::: Raw data
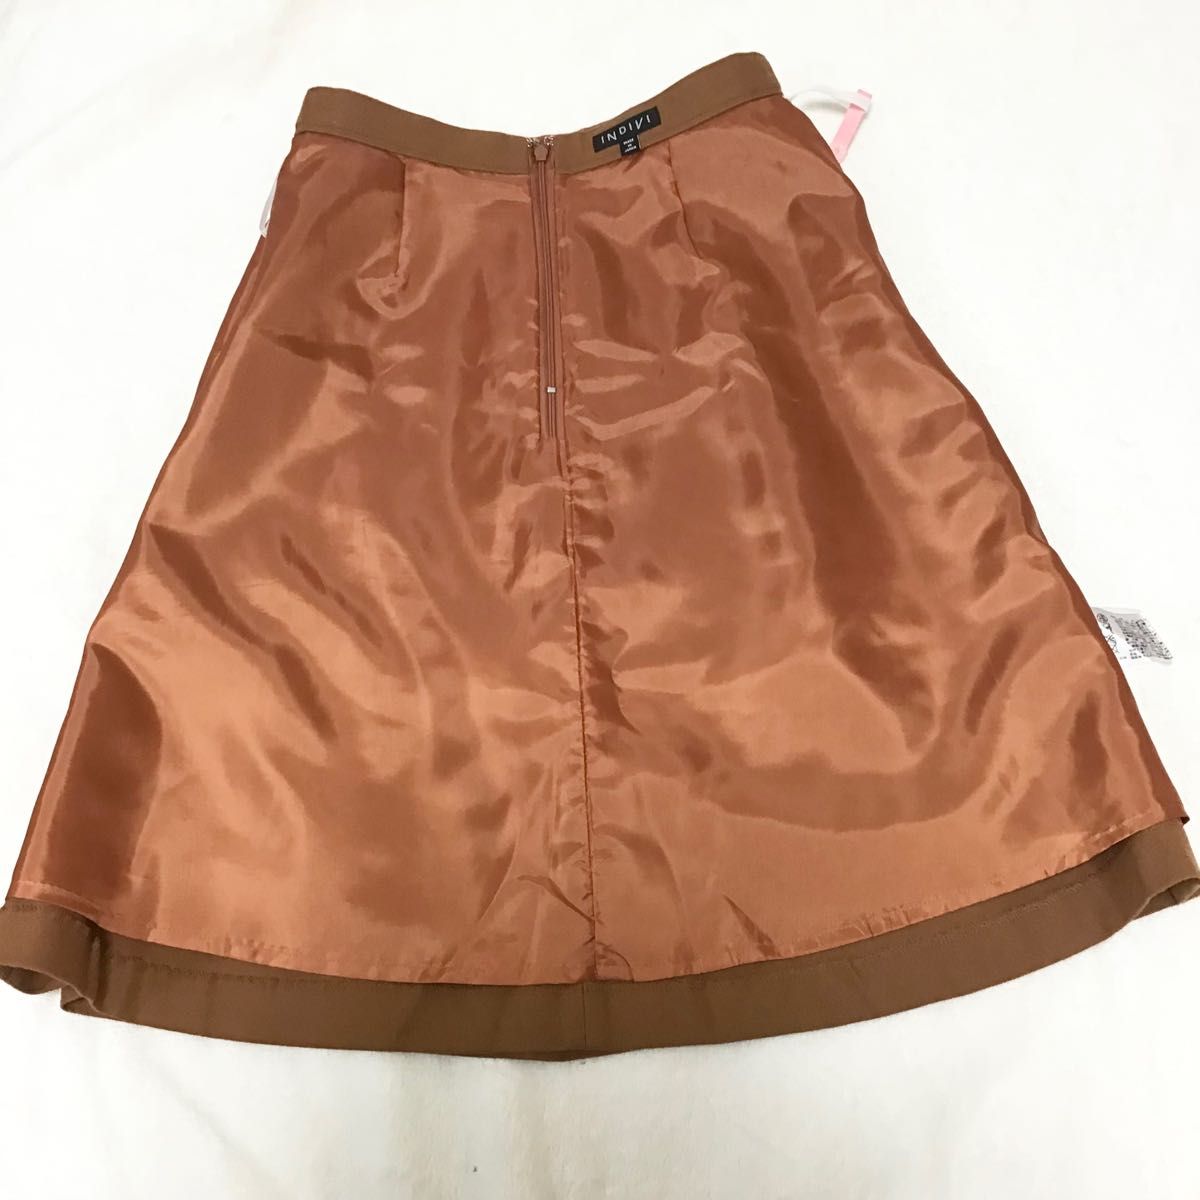 INDIVI 36 タックフレアスカート 日本製 ウール インディヴィ ワールド　ブラウン オレンジ 膝丈
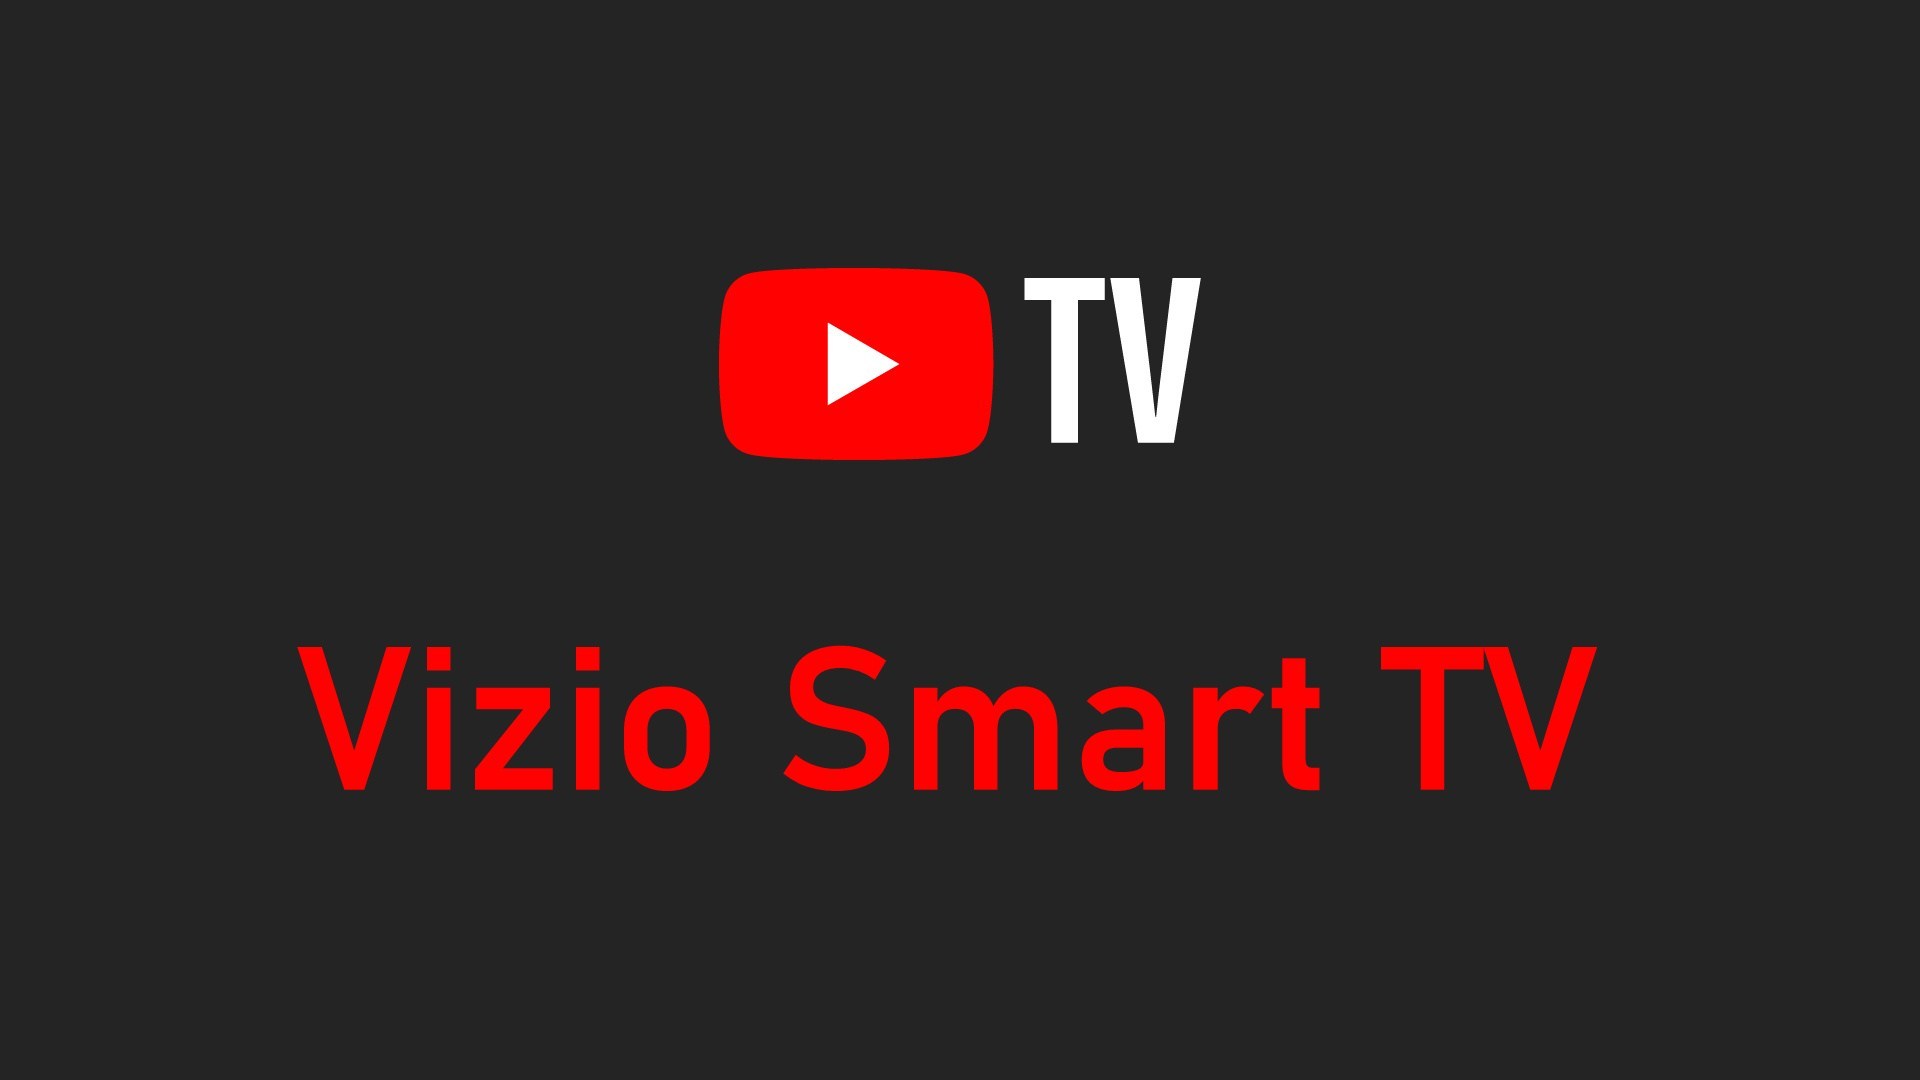 Nola ikusi YouTube Telebista VIZIO Smart TV-n
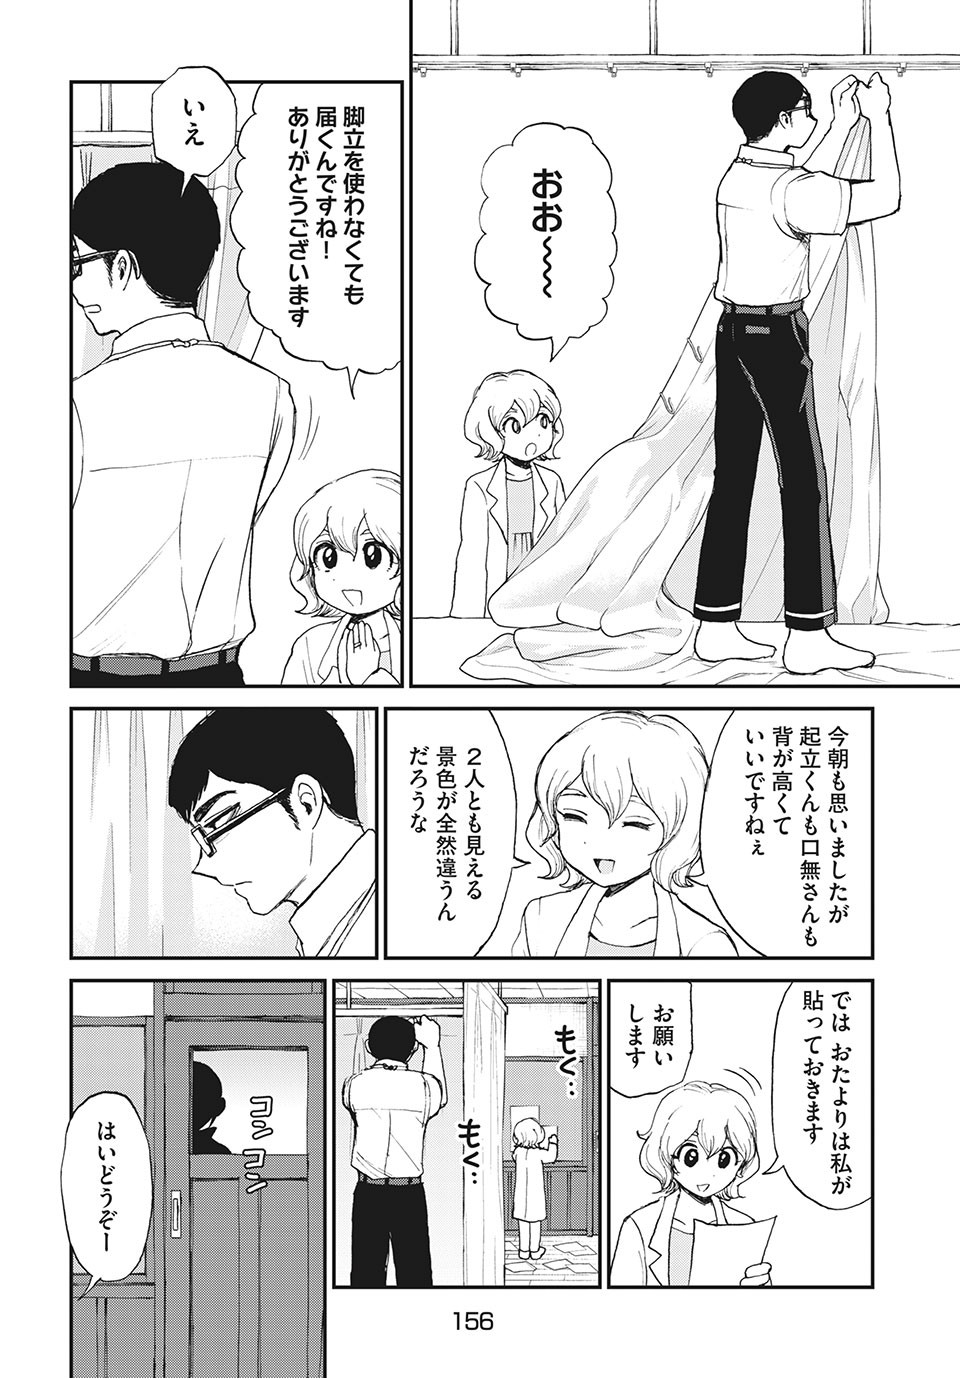 Arakure Ojousama Wa MonMon Shiteiru - Chapter 19.2 - Page 2
::::::
* **Aim of the task**
Without changing a word, retype the data above and omit its pictures.

* **Task answer**
 INDIVI 36 タックフレアスカート 日本製 ウール インディヴィ ワールド　ブラウン オレンジ 膝丈
 Nola ikusi YouTube Telebista VIZIO Smart TV-n
 Arakure Ojousama Wa MonMon Shiteiru - Chapter 19.2 - Page 2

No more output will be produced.